After this stunning section, visitors can admire one of the world’s largest collections of self-portraits with over 600 pieces put together over four centuries which features some of the most important historical figures of the time.

The portrait collection in the Vasari corridor is loosely arranged in a chronological order.
A few 16th century pieces (Andrea del Sarto, Giorgio Vasari, Baccio Bandinelli, la Tintoretta), are followed by a vast 17th century collection with works by Ludovico Cigoli, Annibale Carracci, Francesco Vanni, Ventura Salimbeni, Guido Reni, Rubens, Domenichino, Pietro da Cortona, Suttermans, Bernini, Velasquez, Rembrandt -among others- and by 18th-19th century collections featuring works by a wealth of painters from Italy, France, UK, USA among which Niccolò Cassana, joshua Reynolds, Canova, Ingres , Delacroix, Hunt, Leighton, Chase and Sargent.

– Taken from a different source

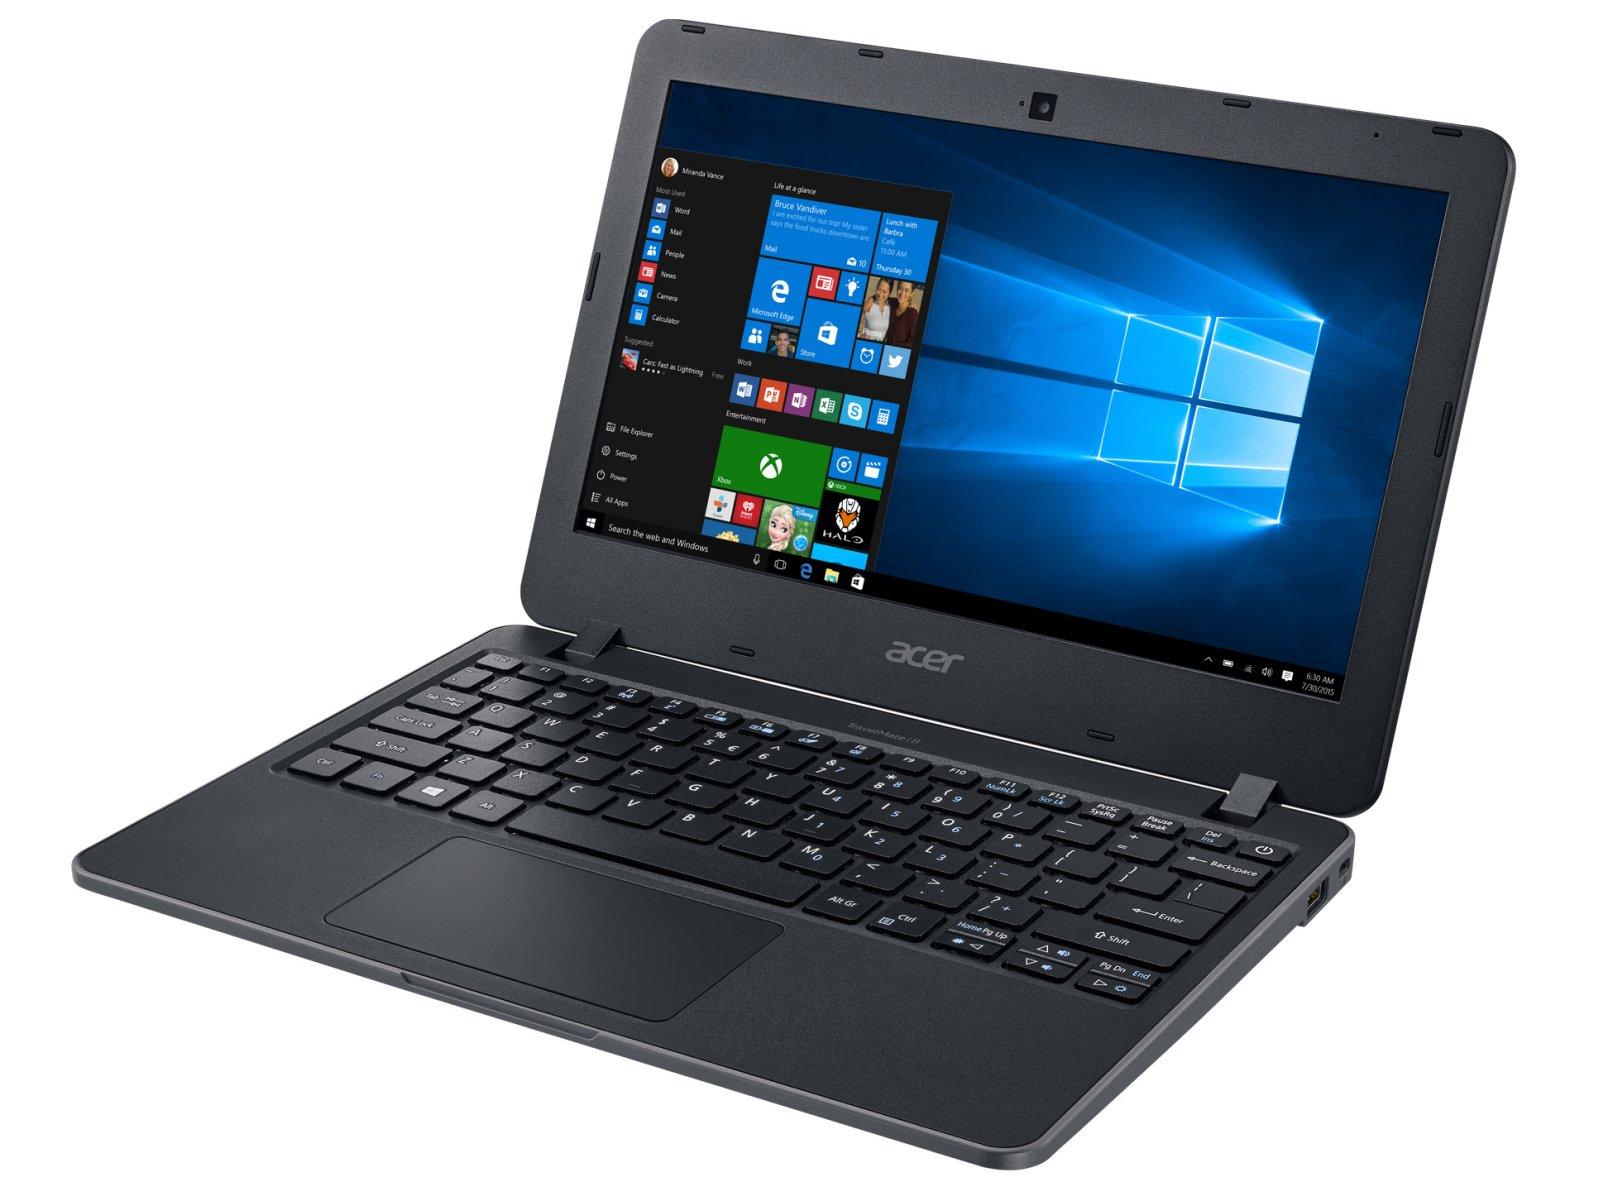 Acer Travelmate B (TMB117-MP-C2G3) Celeron N3060 DC 1.6GHz 4GB 32GB 11.6'' Touch Screen Windows 10 Pro
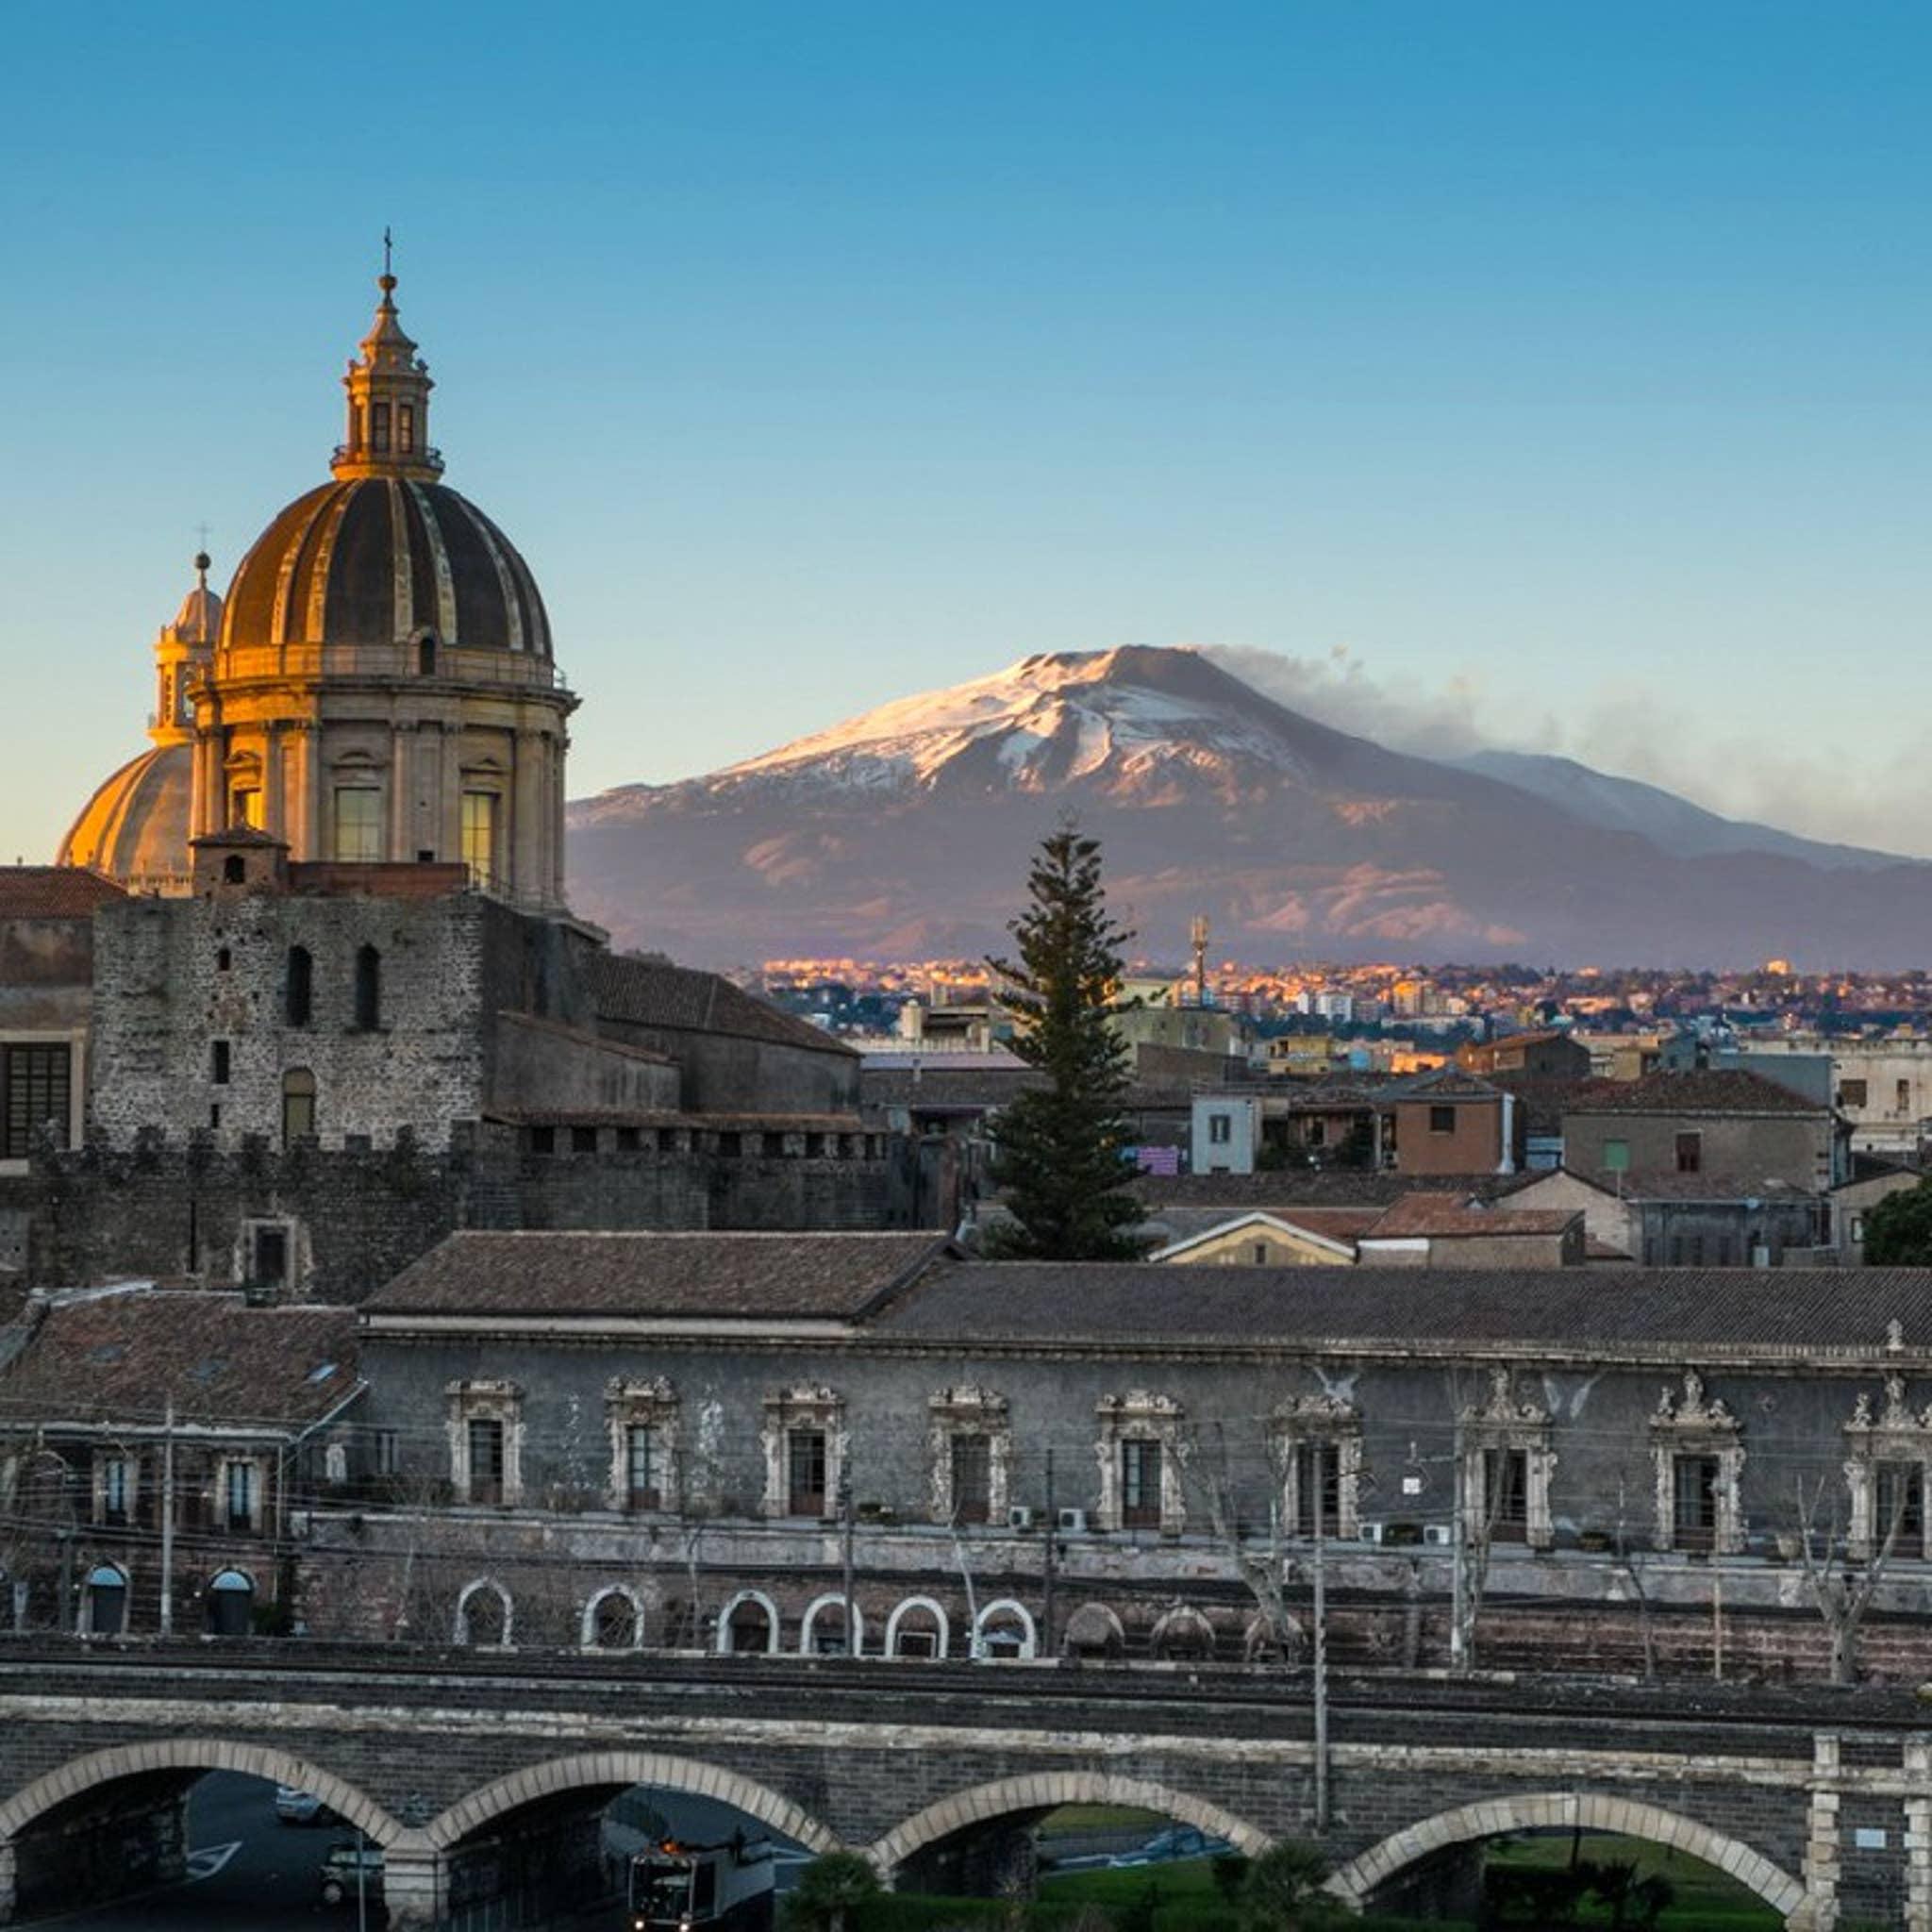 Maison de vacances  (2782175), Catania, Catania, Sicile, Italie, image 31

Finally, the 20th century collection where Italian portraits are arranged on the right and foreign portraits on the left of the visitor; among these, Carlo Levi, Giorgio Morandi, De Chirico, Carrà, Guttuso, Ligabue, Marc Chagall, Siqueiros, Vasarely.
At the end a small room featuring sculptures or photographs with self-portraits by artists like Vanessa Beecroft, Robert Mapplethorpe and Patti Smith.

In conclusion, the Vasari corridor today showcases the changing of artistic taste through the centuries from the Medicis to contemporary artists and it is a unique way to gaze at Florence from an unusual point of view.